Required work: Repeat each entry exactly; omit all pictures.

◆ ◆ ◆ ◆

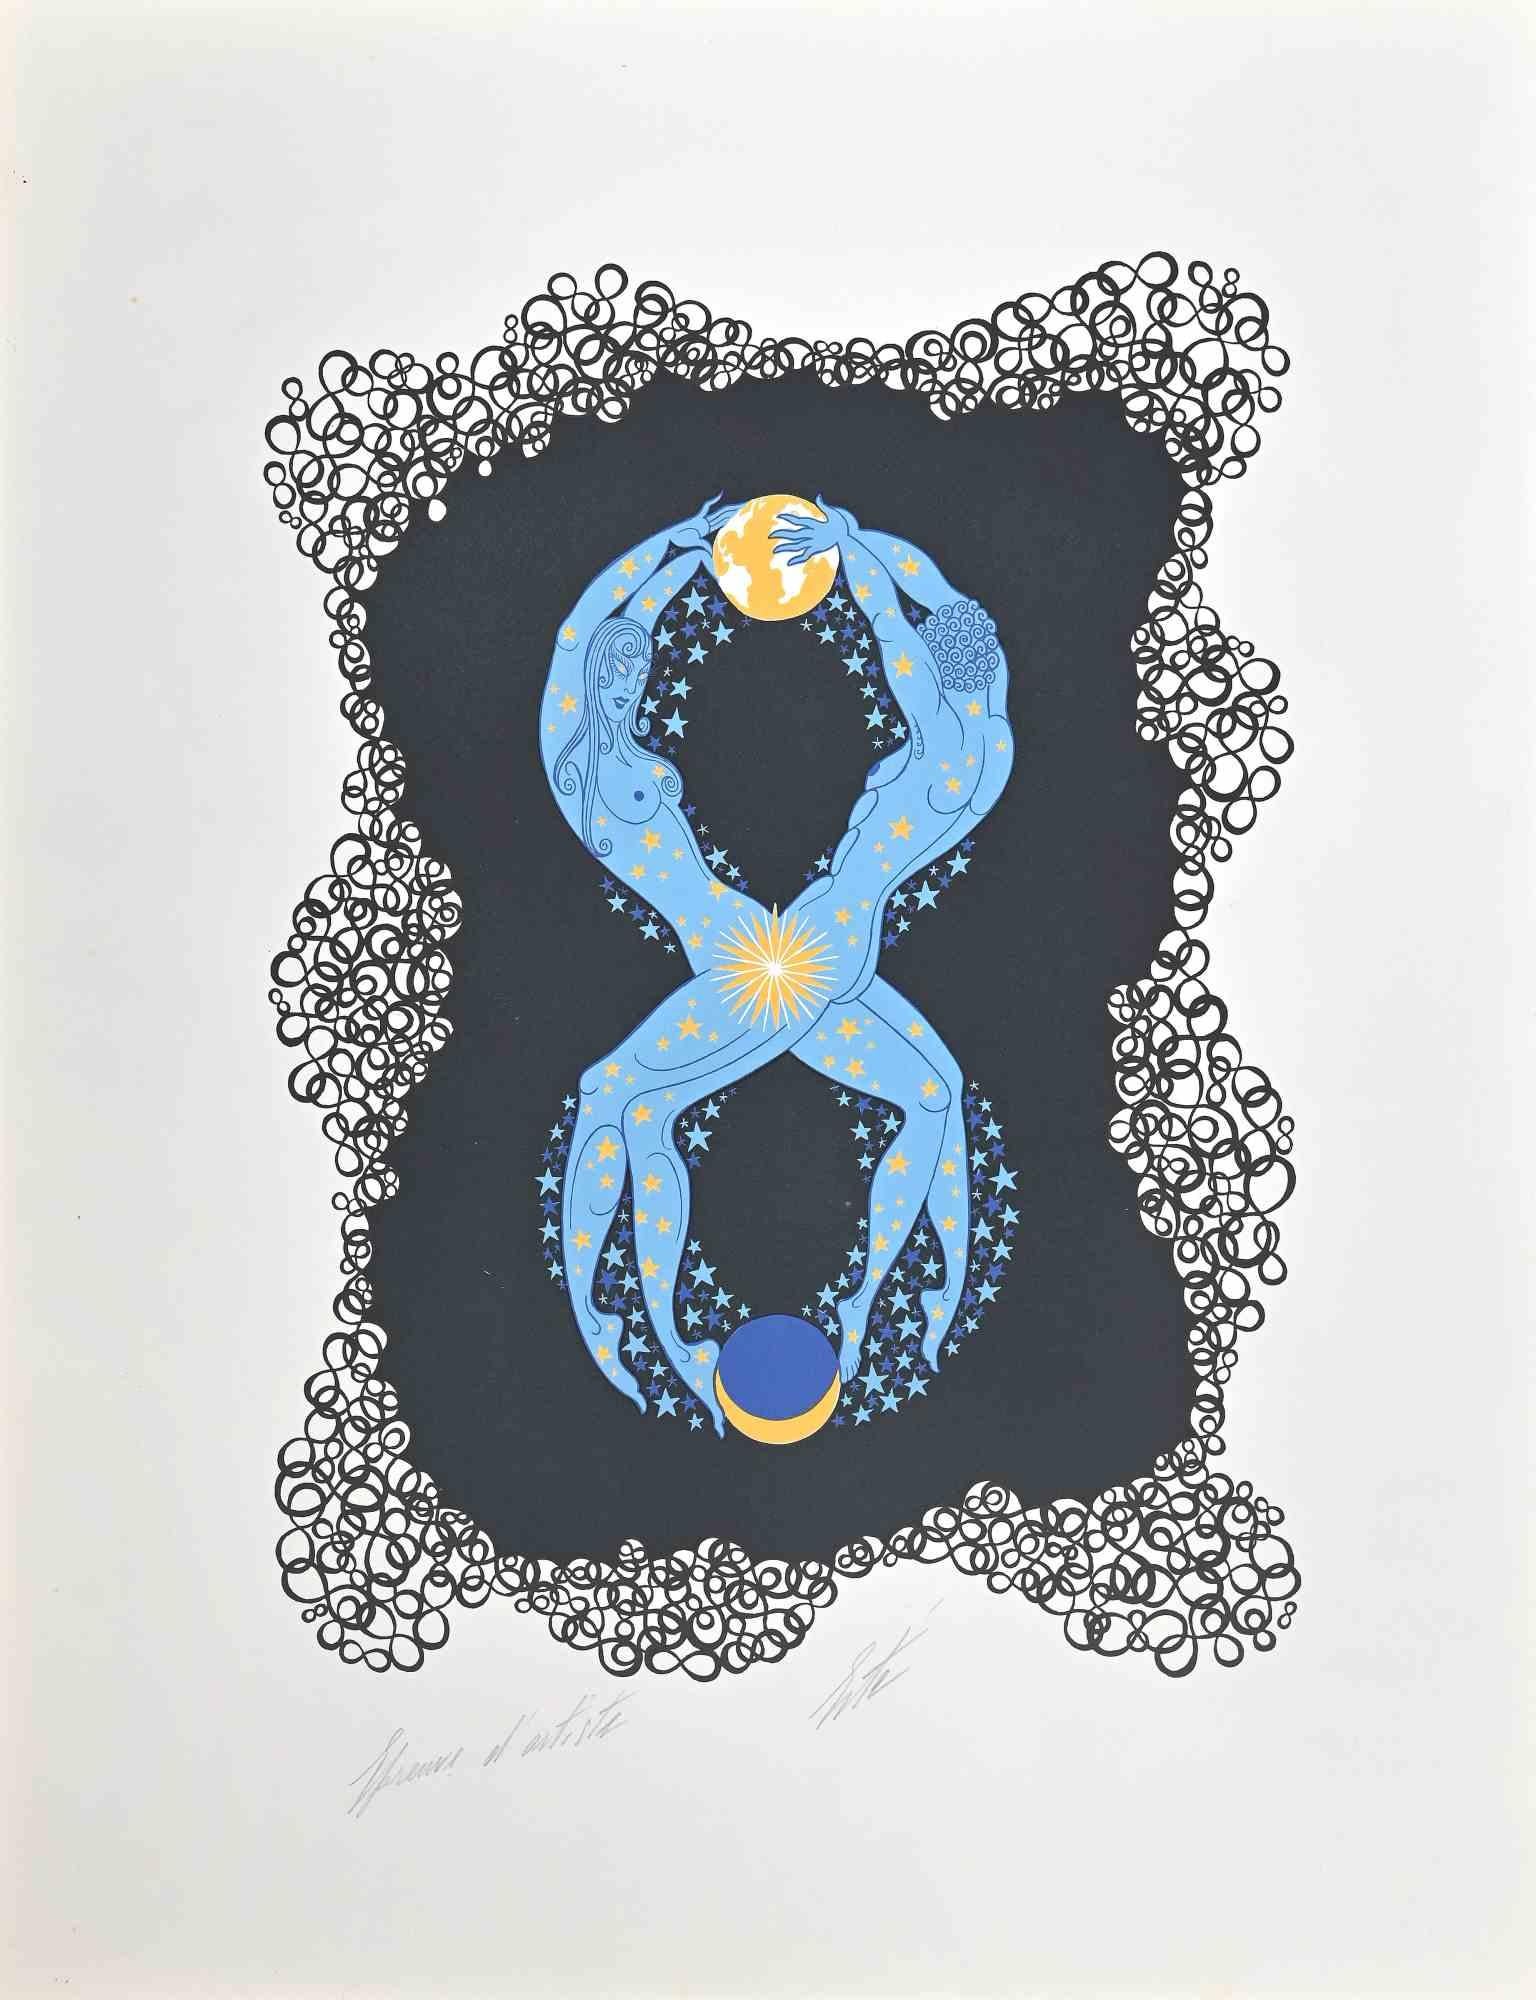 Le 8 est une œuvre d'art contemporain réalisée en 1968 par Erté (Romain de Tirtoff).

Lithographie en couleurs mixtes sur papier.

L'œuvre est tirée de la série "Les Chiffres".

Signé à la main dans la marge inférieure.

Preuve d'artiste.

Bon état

◆ ◆ ◆ ◆

Task response:
 Le 8 est une œuvre d'art contemporain réalisée en 1968 par Erté (Romain de Tirtoff).

Lithographie en couleurs mixtes sur papier.

L'œuvre est tirée de la série "Les Chiffres".

Signé à la main dans la marge inférieure.

Preuve d'artiste.

Bon état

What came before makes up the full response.